Kerabatnya, Aedes albopictus, menyebarkan penyakit yang sama dan saat ini mulai ditemukan di Eropa selatan. Nyamuk ini menemukan habitat baru berkat iklim yang menghangat.
Nyamuk A. aegypti pertama kali terlihat di Australia pada abad ke-19. Pada 1960-an, upaya pemberantasan nyamuk telah mempersempit daerah penyebarannya di wilayah timur laut Negara Bagian Queensland.

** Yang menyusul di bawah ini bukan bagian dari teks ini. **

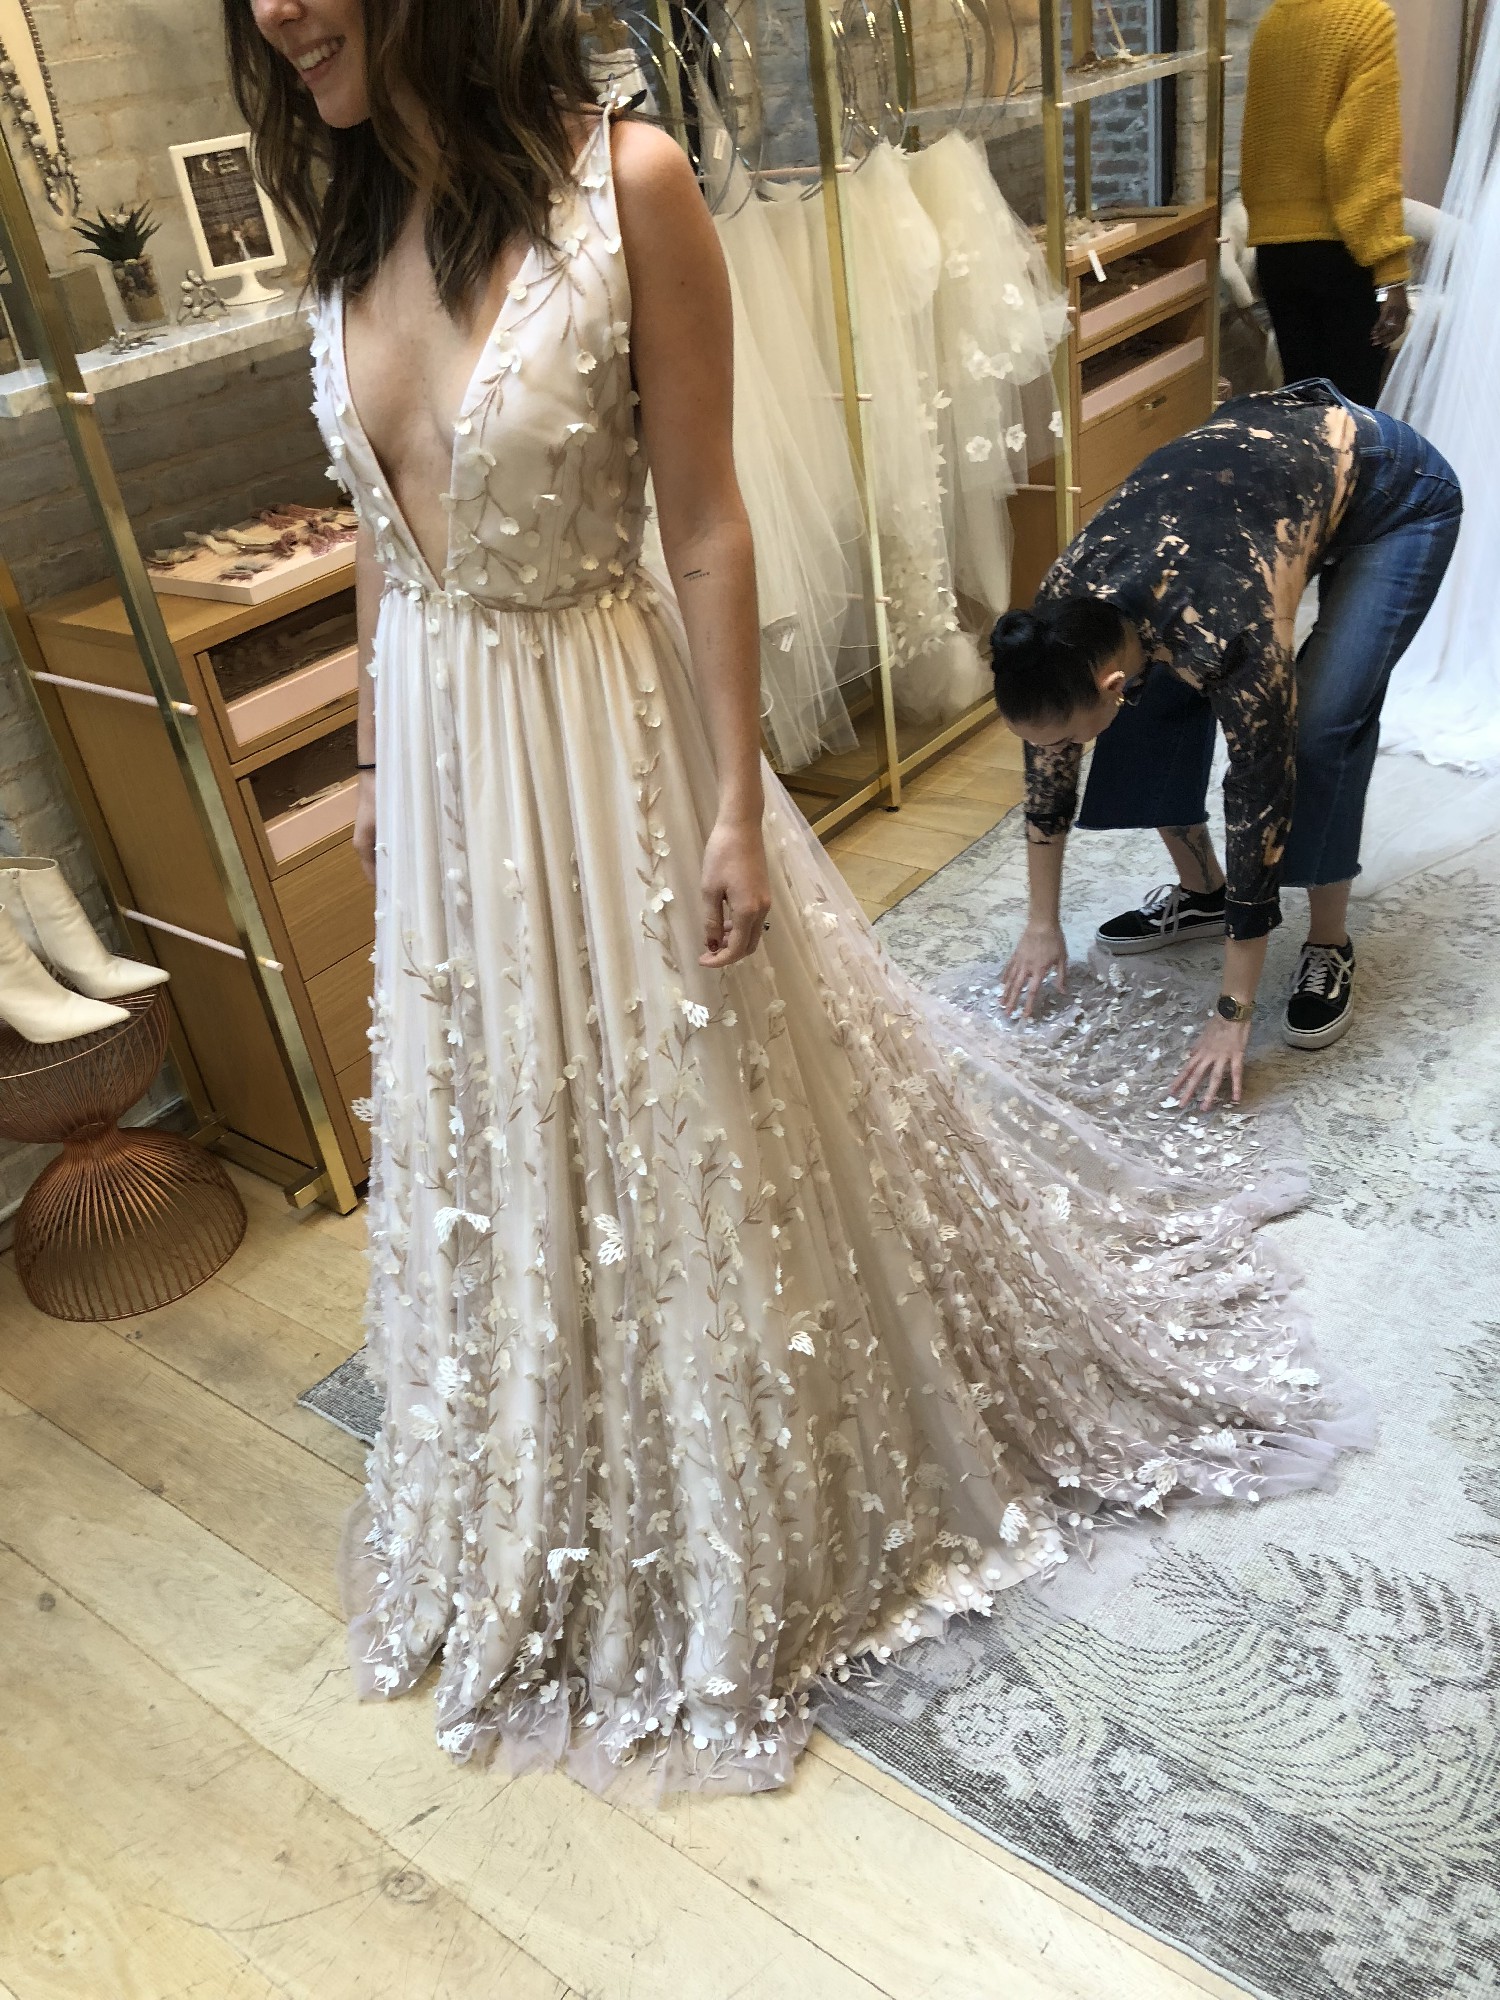 Alexandra Grecco Iris New Wedding Dress Save 28% - Stillwhite
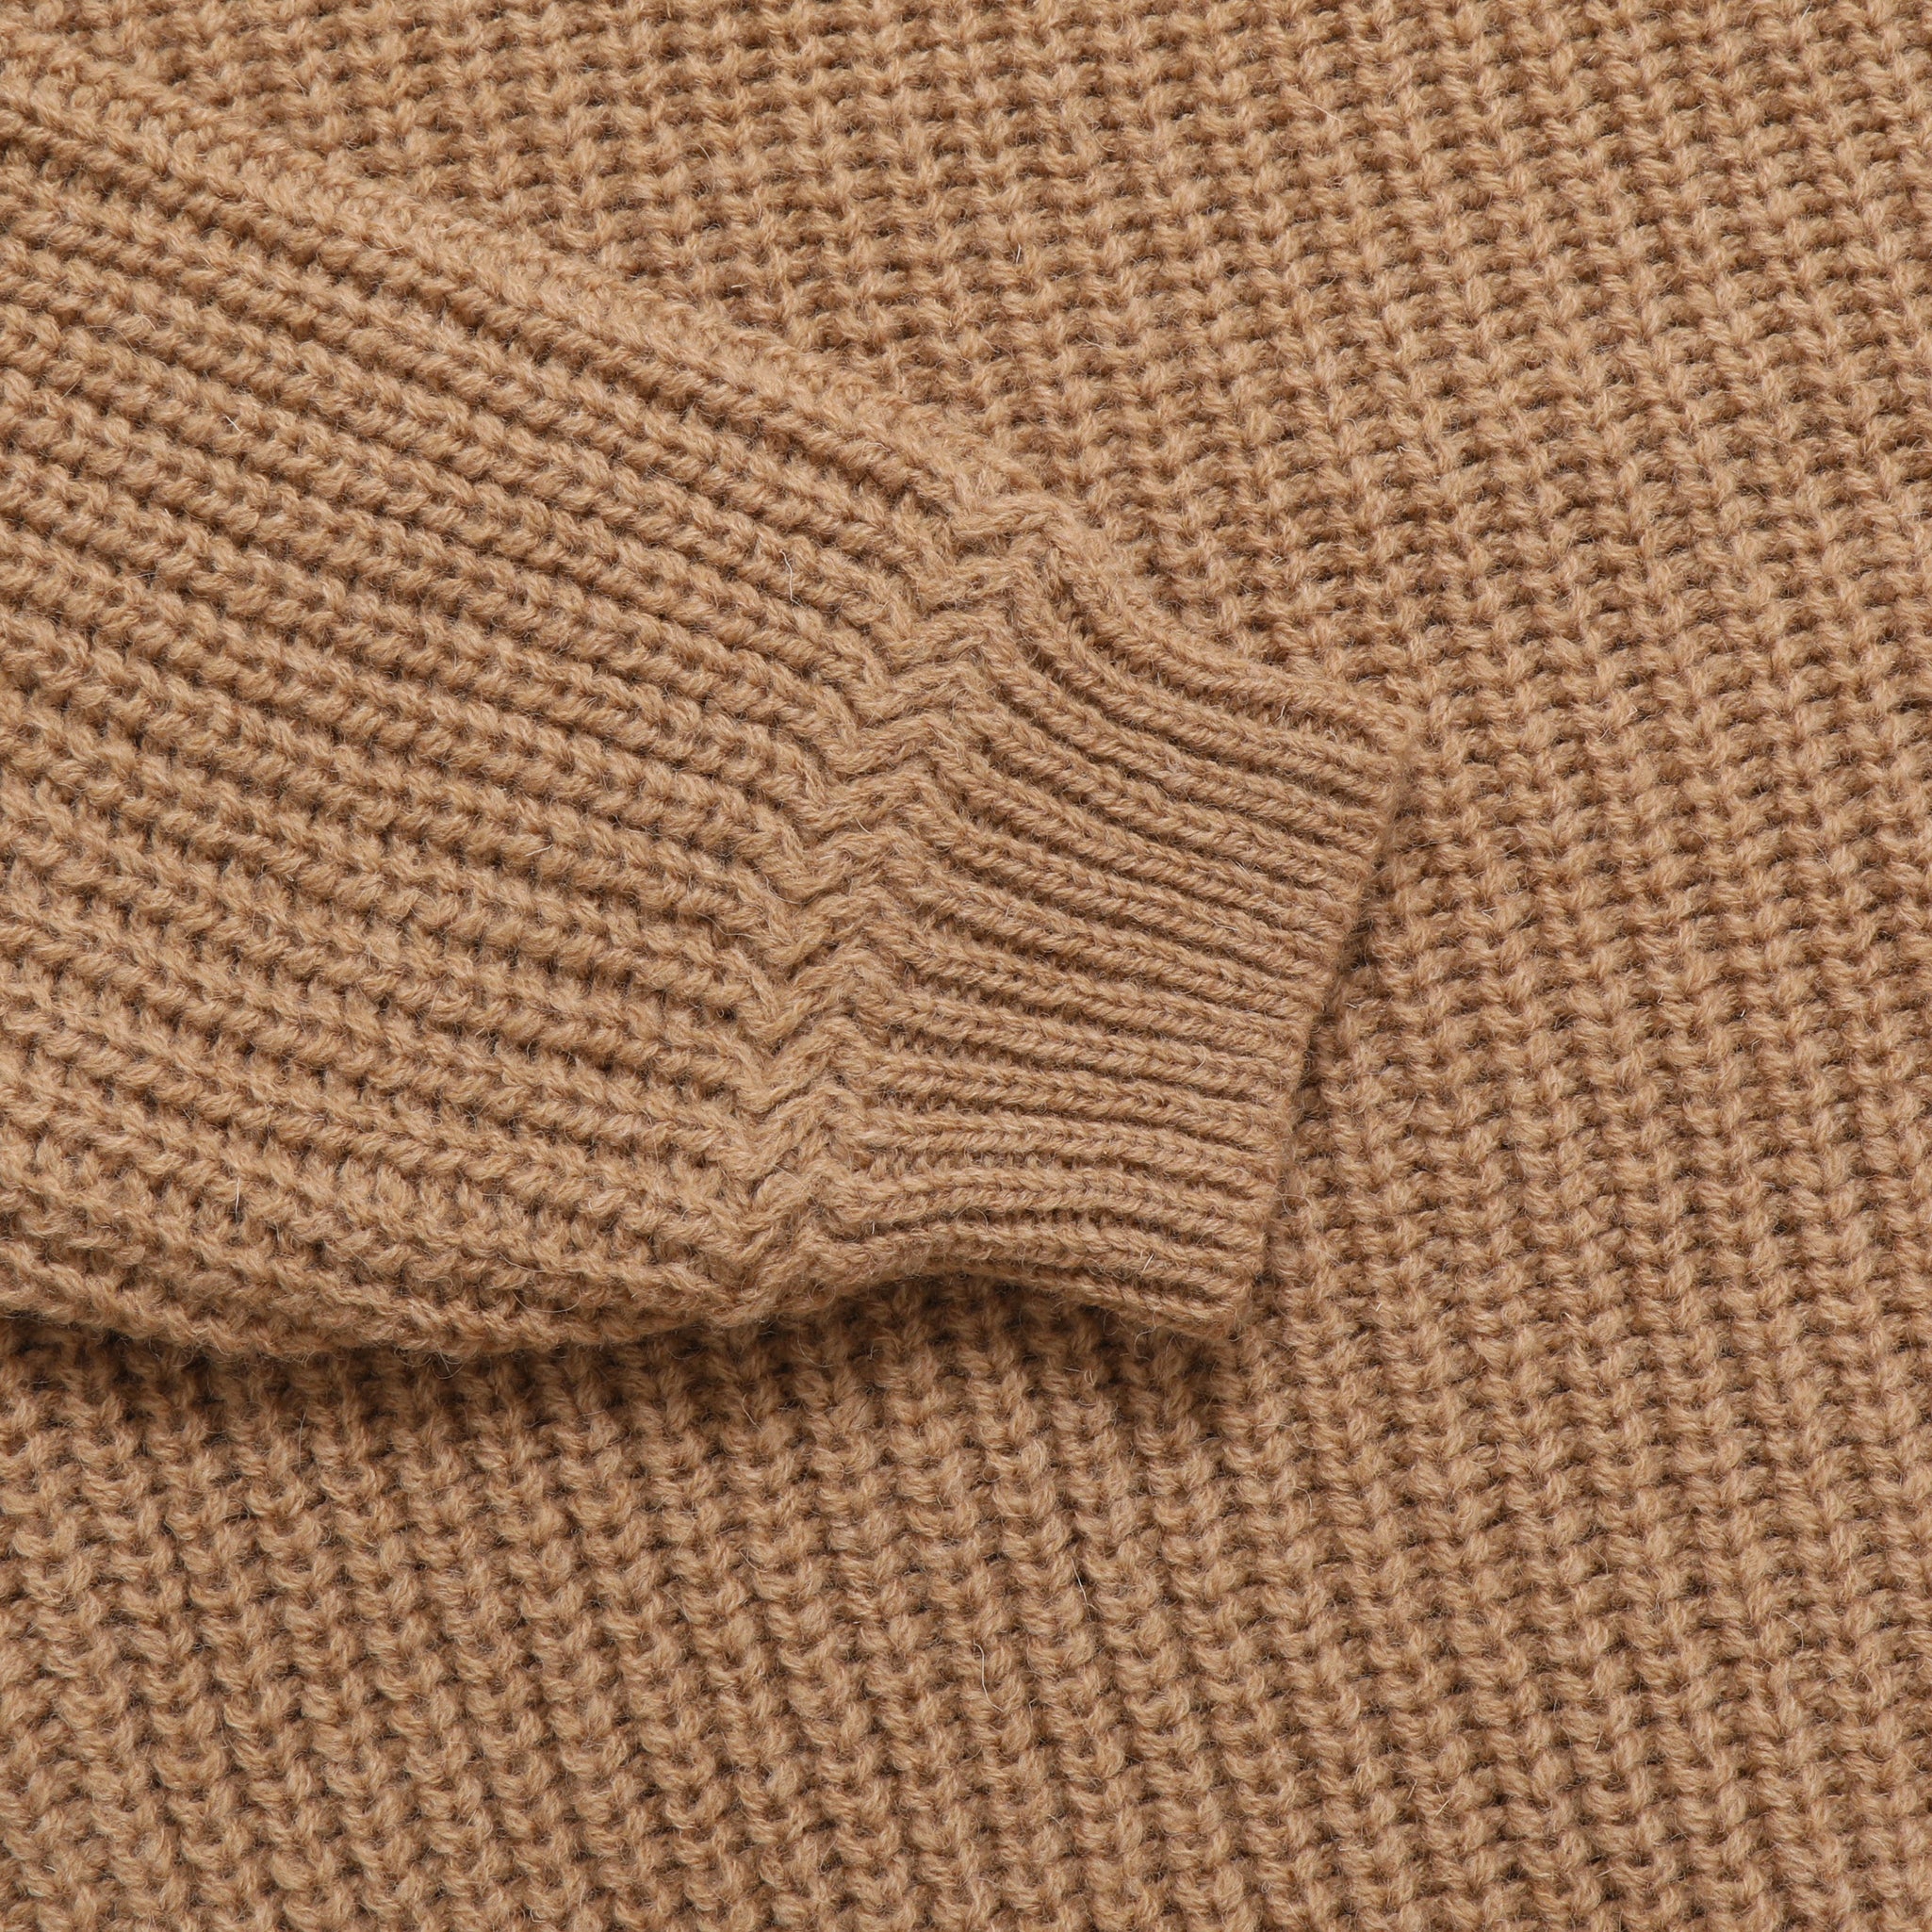 Fisherman Sweater - Camel

Untuk meneliti potensi dampak perubahan iklim terhadap spesies itu, tim ilmuwan yang dipimpin Michael Kearney dari University of Melbourne mendesain sebuah model komputer untuk mensimulasi potensi penyebarannya. Mereka meneliti keberadaan nyamuk itu di dua habitat, yaitu tangki air 3.600 liter dan satu ember berisi 20 liter air. Kedua tempat air itu diletakkan dalam kondisi temperatur berbeda. Salah satunya ditaruh di bawah naungan, sedangkan yang lain hampir tak tertutup.
Kenaikan temperatur rata-rata ternyata tidak langsung memperluas daerah jelajah nyamuk. Namun, perubahan perilaku manusia yang beradaptasi dengan pemanasan global-lah yang harus diperhitungkan. "Di kota-kota besar dan kecil di Australia, dampak utama perubahan iklim adalah makin jarangnya hujan yang turun, sehingga menyebabkan peningkatan jumlah tempat penyimpanan air rumah tangga dan berbagai bentuk tempat penyimpanan air lainnya," kata Kearney.
Air yang tak bergerak dalam wadah terbuka merupakan tempat ideal bagi nyamuk untuk meletakkan telurnya. Jika kondisi terlalu dingin atau kering, telur tidak akan berkembang menjadi larva. "Efek tak langsung dari perubahan iklim melalui adaptasi manusia ini akan semakin memperluas wilayah jelajah nyamuk secara dramatis," kata Kearney.